- DATA EXCERPT
╭──

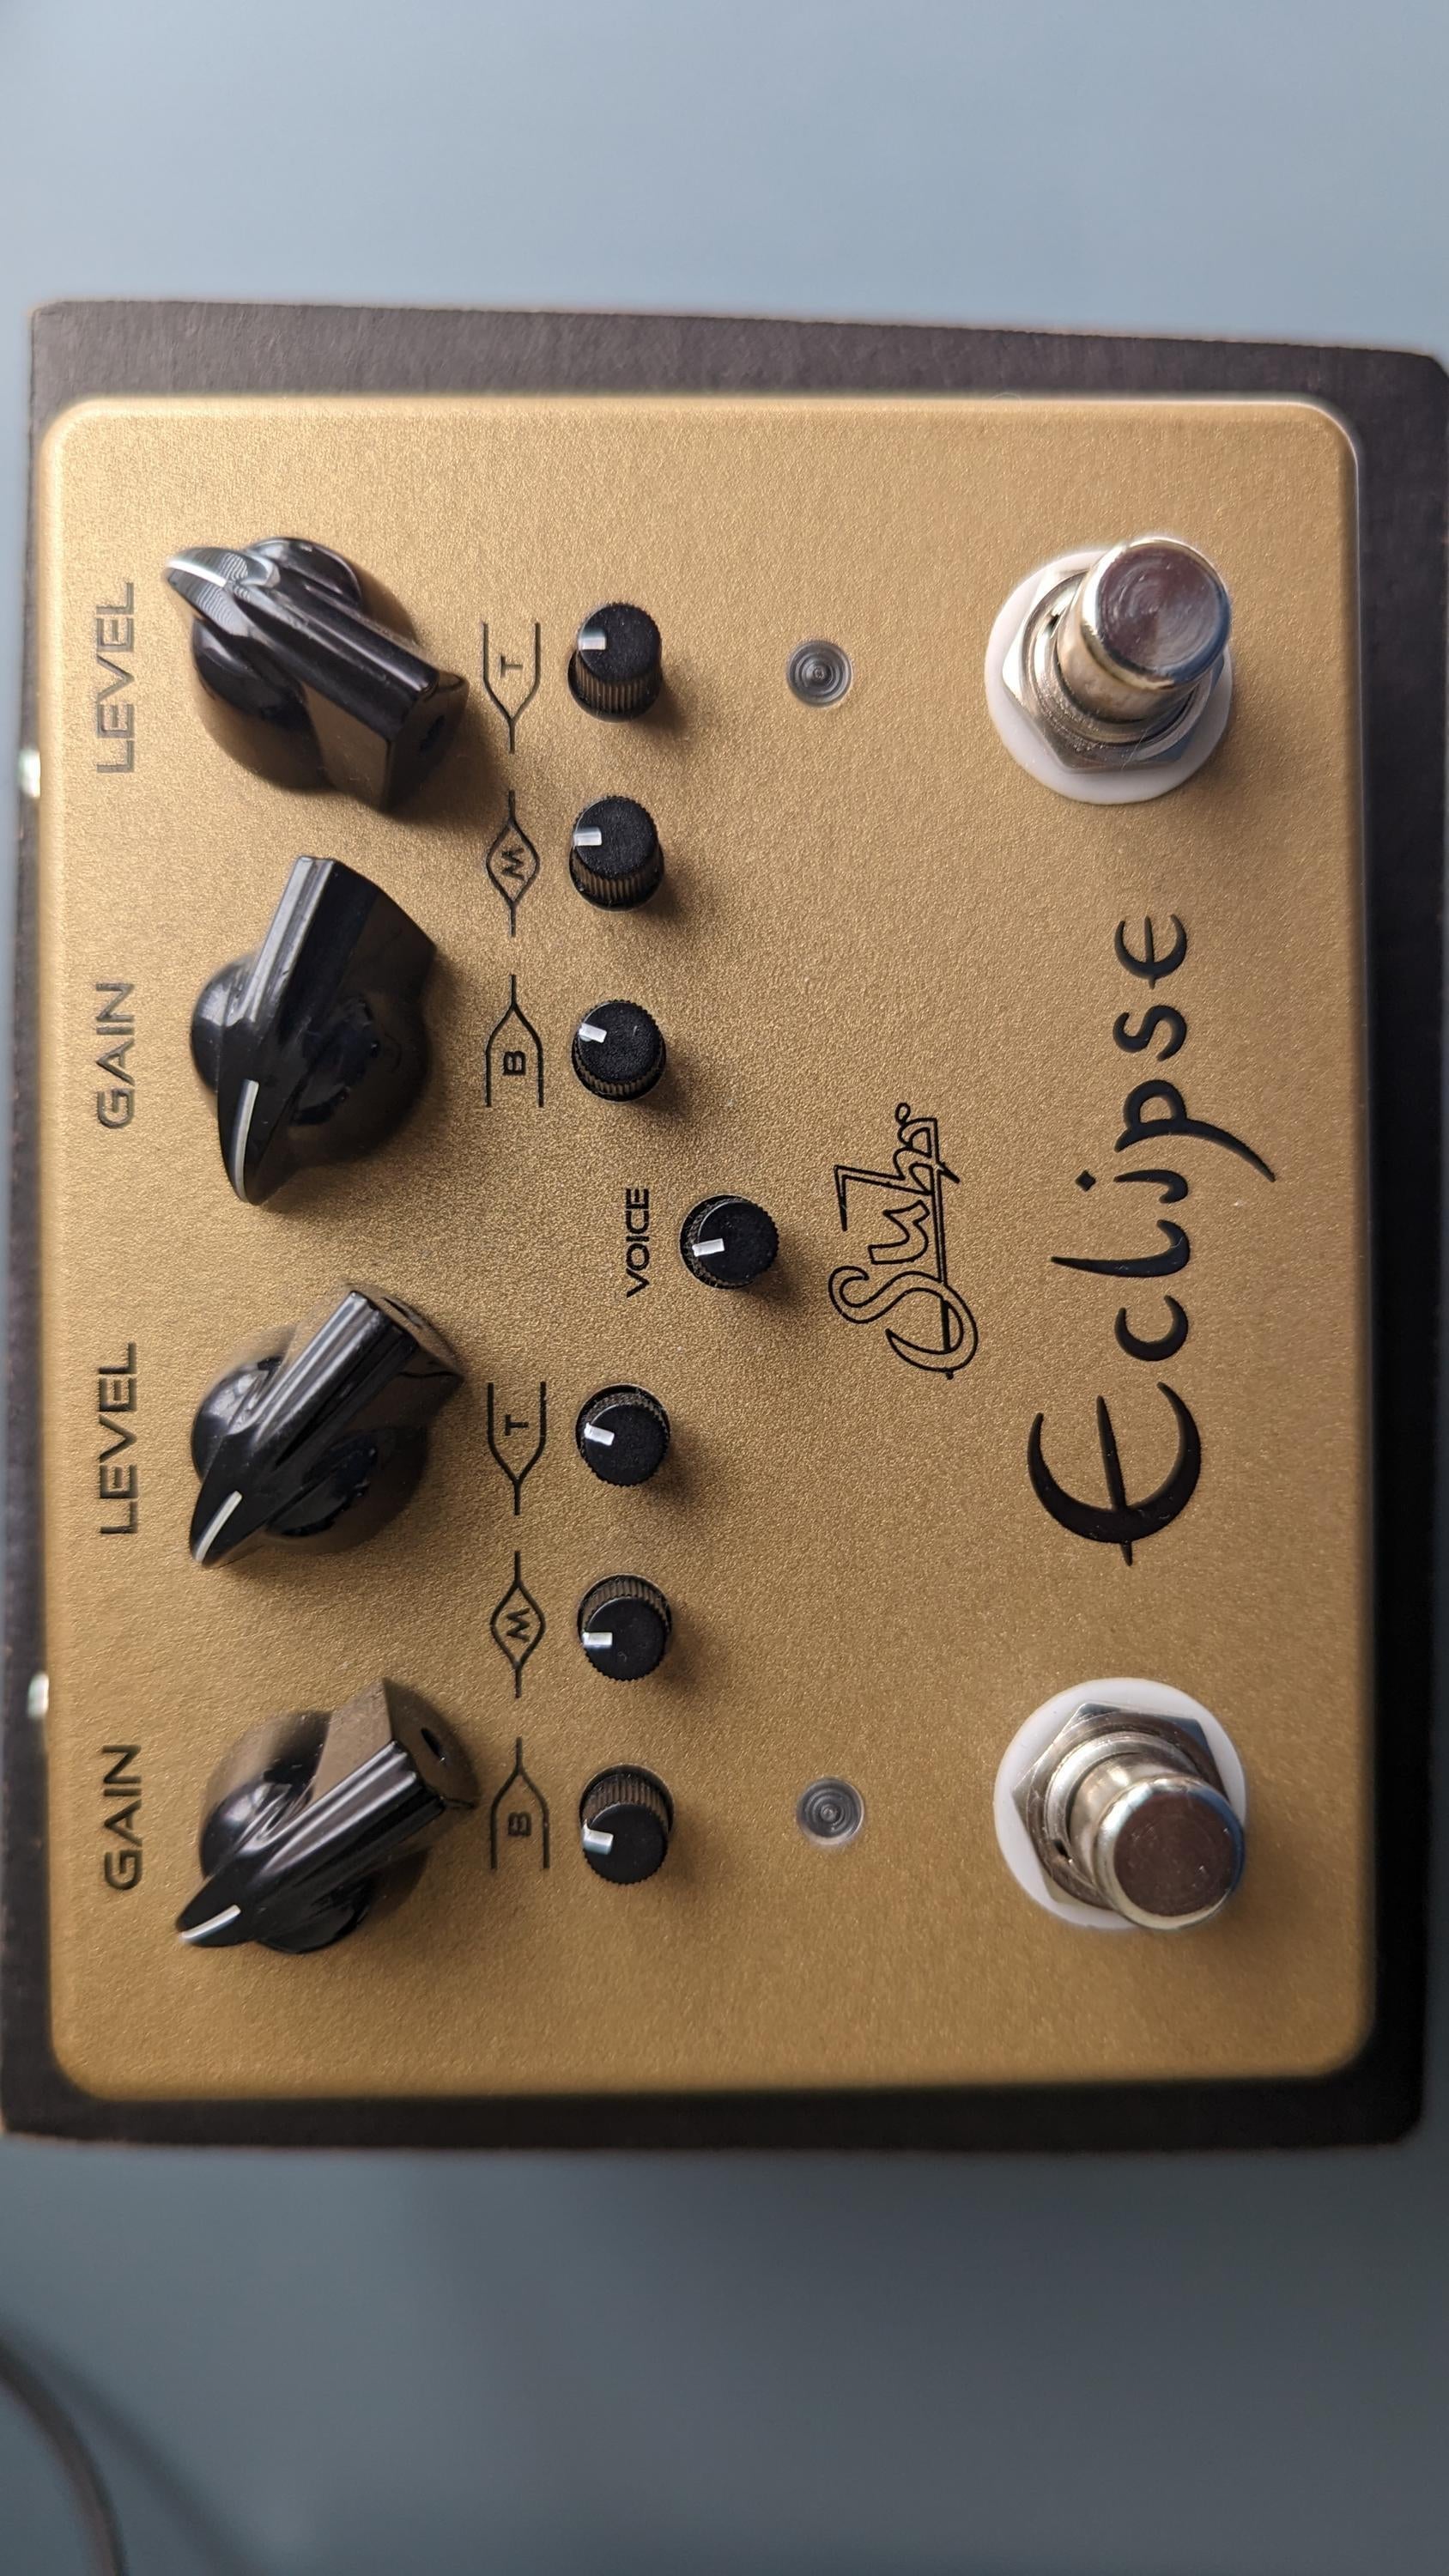 Used Suhr Eclipse Overdrive/Distortion - Sweetwater's Gear Exchange
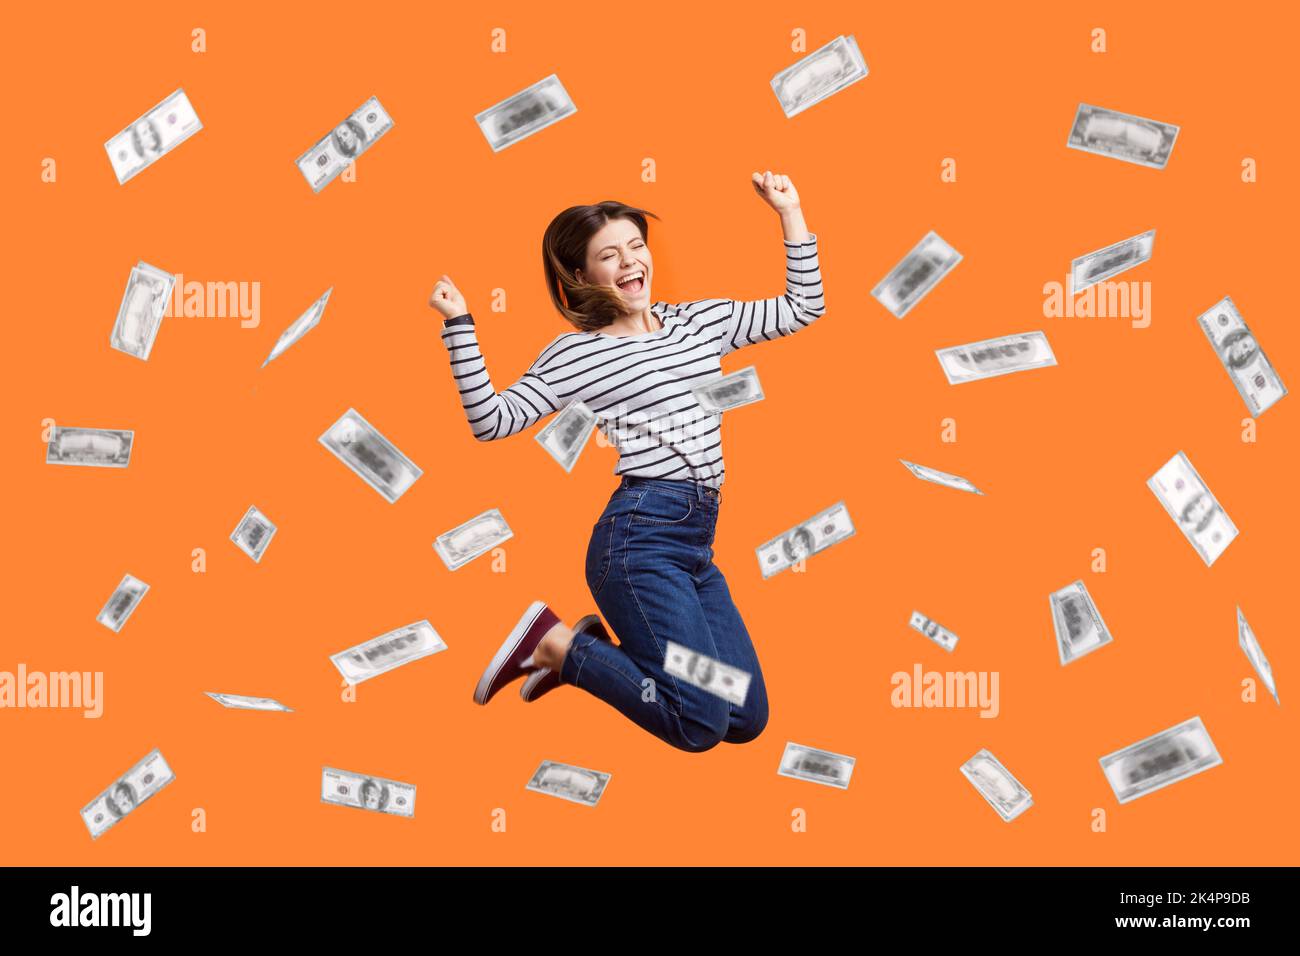 Portrait of satisfied excited woman jumping with clenched fist, celebrating winning lottery, flying in money rain, dollars falling. Indoor studio shot isolated on orange background. Stock Photo
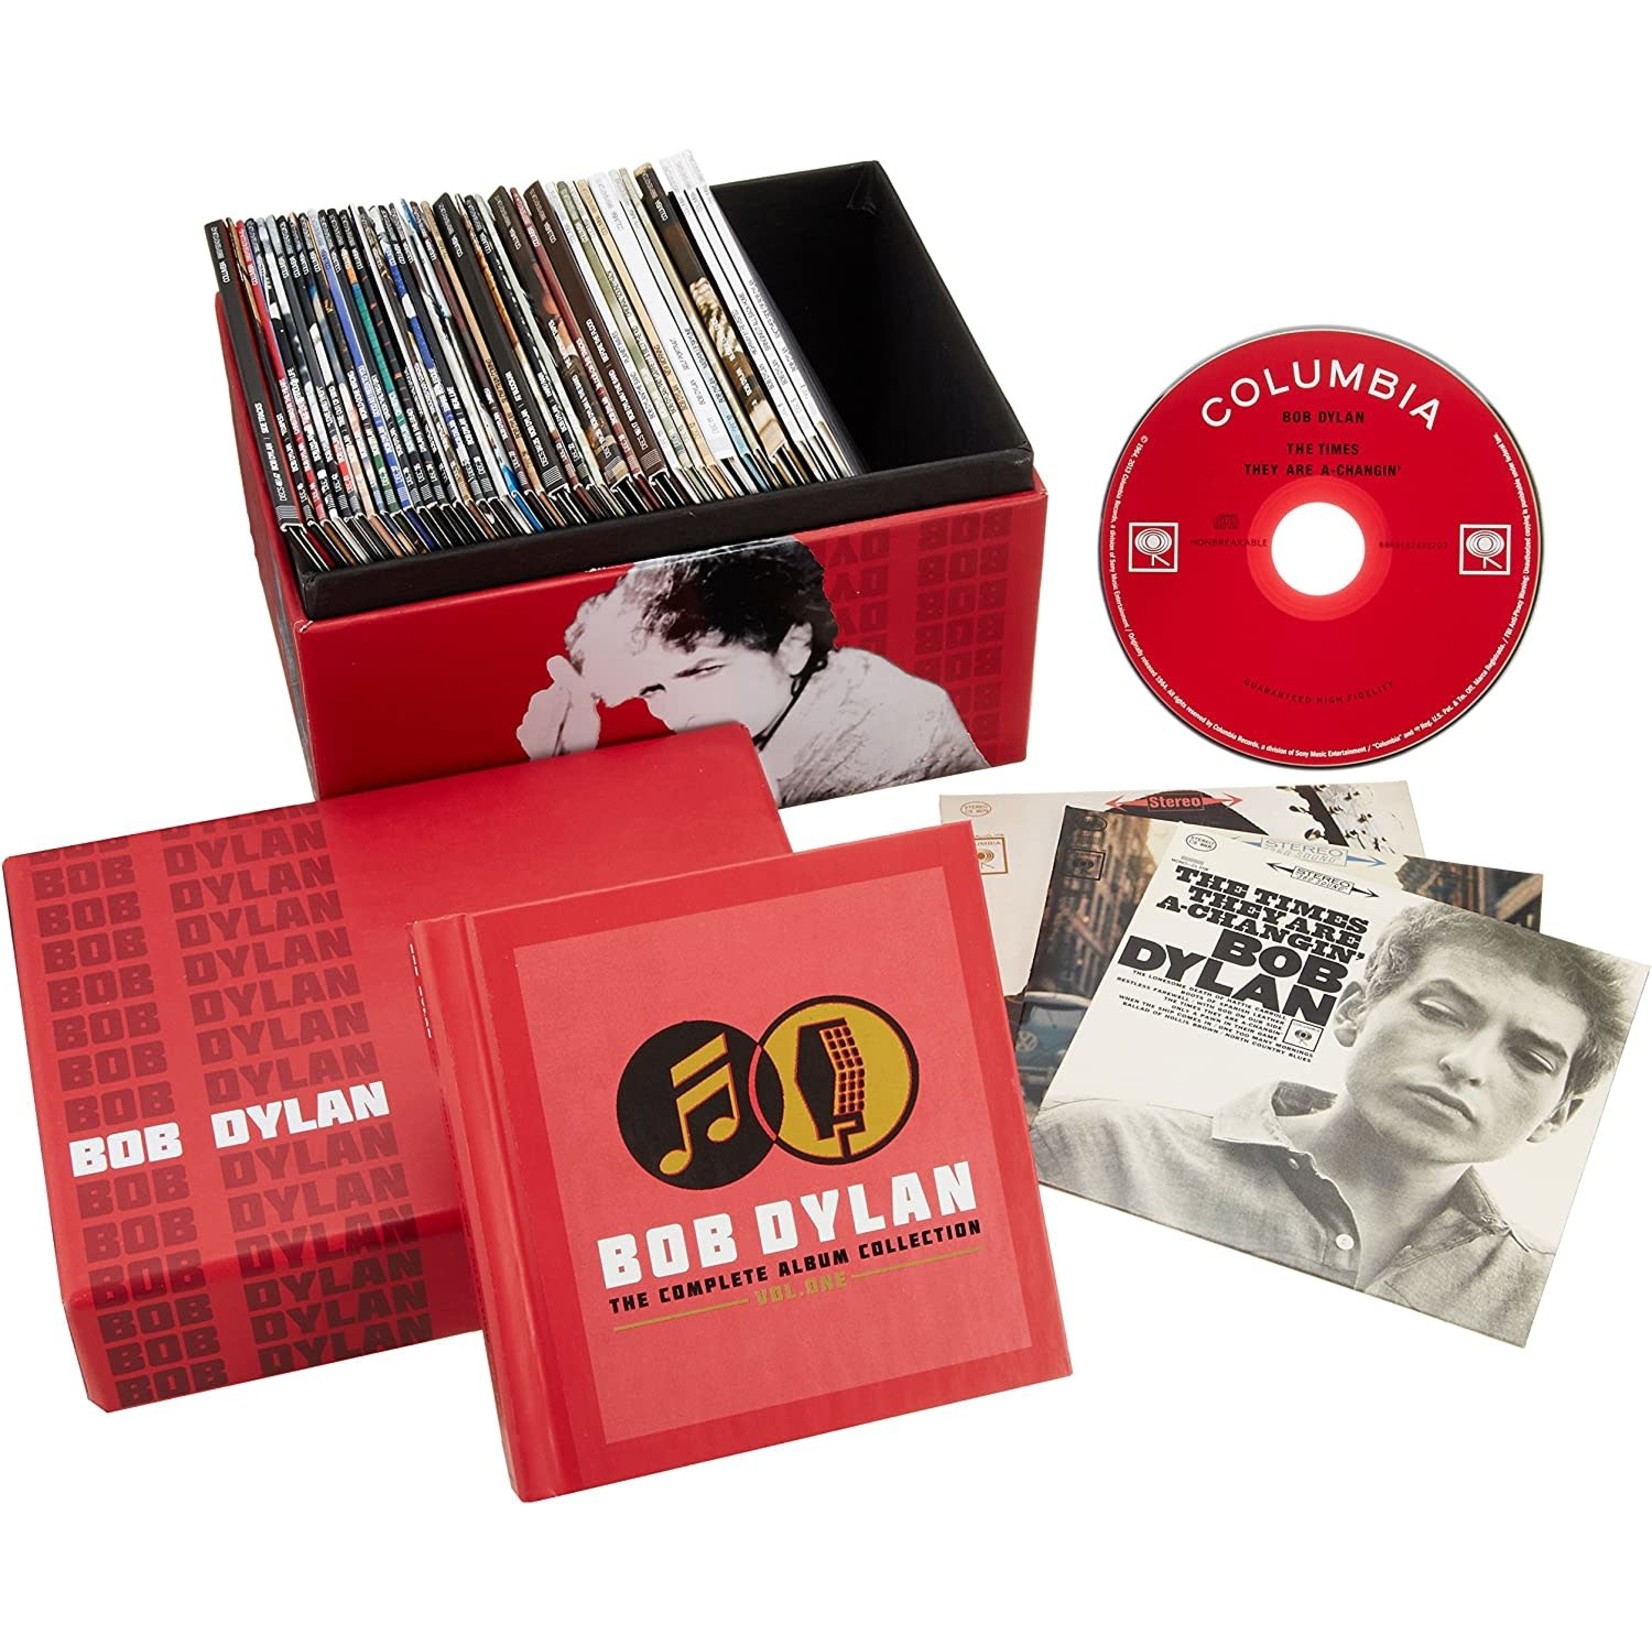 Compact Disc Bob Dylan - CD Box Set - The Complete Album Collection Vol. One

╰──

- WHAT THE EXERCISE ASKS
Exactly as written, restate all of the data, leaving out the images.

- SOLUTION TO THIS EXERCISE
 Used Suhr Eclipse Overdrive/Distortion - Sweetwater's Gear Exchange
 Portrait of satisfied excited woman jumping with clenched fist, celebrating winning lottery, flying in money rain, dollars falling. Indoor studio shot isolated on orange background. Stock Photo
 Compact Disc Bob Dylan - CD Box Set - The Complete Album Collection Vol. One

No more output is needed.